… following on from Running diary – Oct 18
Thurs 1 Nov
Ran another loop of the old railway line in Norfolk. Heavy rain meant specs-off, which at least made it more of an adventure.
I’ve joined the real world at last and bought my first smartphone.
Sat 3 Nov
Ran Woodhouse Moor parkrun in 18.25, a new parkrun PB. The narrow path means lots of overtaking on lap 3, so you probably run a bit more than 5k. I do a parkrun every 6 months or so as it’s a good indicator of where your running’s at, so to speak. But not really my kind of running.
Sun 4 Nov
Cop Hill Fell Race – more my thing. And a chance to use my new Striders vest, which has arrived in the post, replacing my old washed-out one. At least I may get a few “come on Striders” now!

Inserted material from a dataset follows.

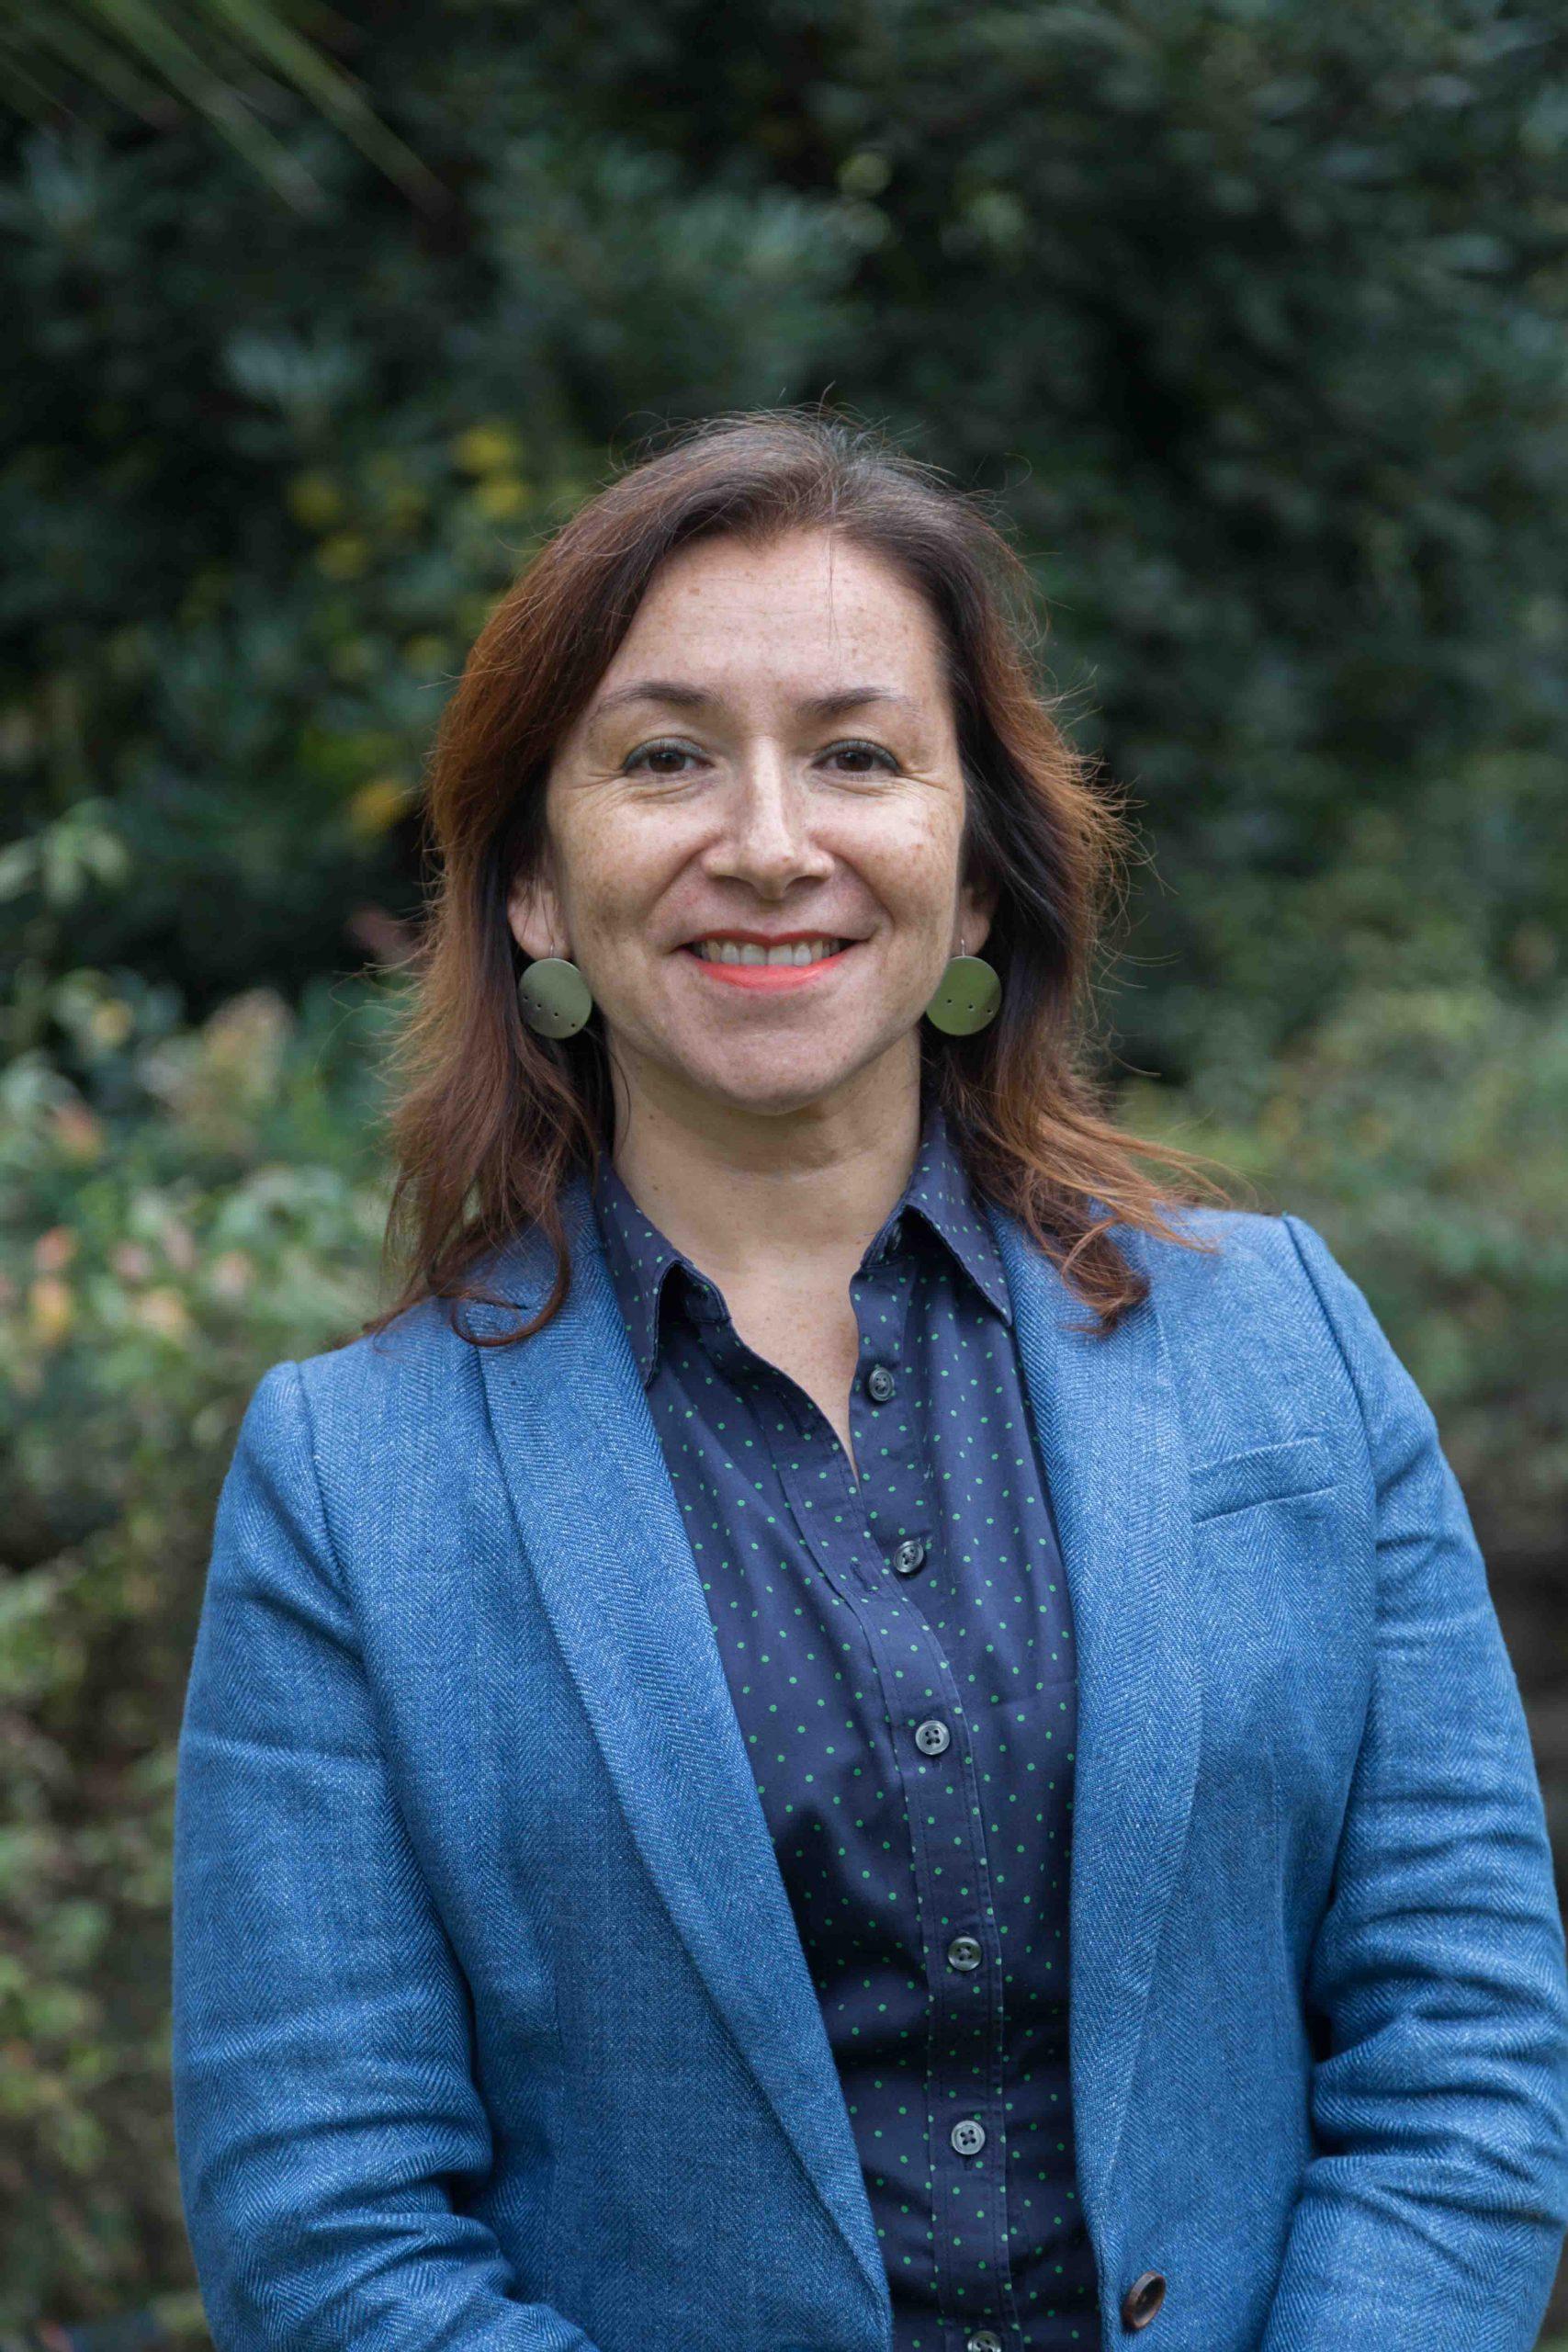 Profesora María Luisa Méndez participó en los «Diálogos UC para la Sustentabilidad» junto a la periodista Alejandra Matus

First did this race years ago, when I lived in Huddersfield. One of the gentler fell races in the calendar – more a hilly multi-terrain really – but nonetheless a worthwhile event. As usual, knowledge of the course an advantage, in this case a 2-lap race. Benign conditions helped me to a course PB by a couple of minutes – 42.37. 15th out of 145.
Tues 6 Nov
I’m back volunteering at YHA Keswick for the next couple of weeks (I did a similar stint this time last year). In amongst all the bed-changing and bog-scrubbing there should be ample scope for running – the fells are on the doorstep and almost all colleagues are mad fellrunners. Indeed, they have helped set me up on Strava and sent me off on a circuit of their invention – from the Latrigg car park, up the Skiddaw path to Jenkin Hill, then a fast descent down Lonscale Fell and back along the track. Miraculously, I successfully upload my first activity!
Wed 7 Nov
A rare double-running day. Before my housekeeping shift, up through quiet woods to the top of Latrigg and back. Later, a short test-out of a newly-purchased headtorch, which should open up lots more options.
Thurs 8 Nov
Tagged along with Keswick AC’s evening session – a few road intervals in heavy rain. Their best runners disappear into the far distance….
Sat 10 Nov
Back in West Yorkshire, running the Shepherd’s Skyline race, from the Shepherd’s Rest Inn above Todmorden to Stoodley Pike and back. More great conditions and a couple of fast descents. 19th out of 168 in 51.03. First time I’ve done this one but I’m sure not the last.
Sun 11 Nov
Back to Keswick and an evening road circuit with headtorch in the rain around Swinside. Shins ache.
Mon 12 Nov
Join 5 YHA staff on an exciting evening adventure around the “Lonscale Loop”. First time I’ve really been up and down a big fell with the headtorch. The descent called for plenty of trust in your footing. Heady stuff.
Tues 13 Nov
Again, road intervals with Keswick AC. I know all this stuff is good for your performance and all that but really I’m into running for the fun and adventure of it. See last night.
Thurs 15 Nov
First thing, a final crack at the Loop. Caught the sunrise first on top of Latrigg. Then did the circuit a couple of minutes quicker than before, in 48.36. Still 7 minutes slower than my colleagues’ best time, but I’m pretty happy nonetheless.
Sat 17 Nov
If you’d said to me 2 months ago I’d be running the Tour of Pendle I’d have told you to get real. But after a summer of doing short races, turns out I really enjoyed everything about my first AL fell race for 12 years (“AL” means very long, with lots of climbing, in this case 27km / 1473 metres).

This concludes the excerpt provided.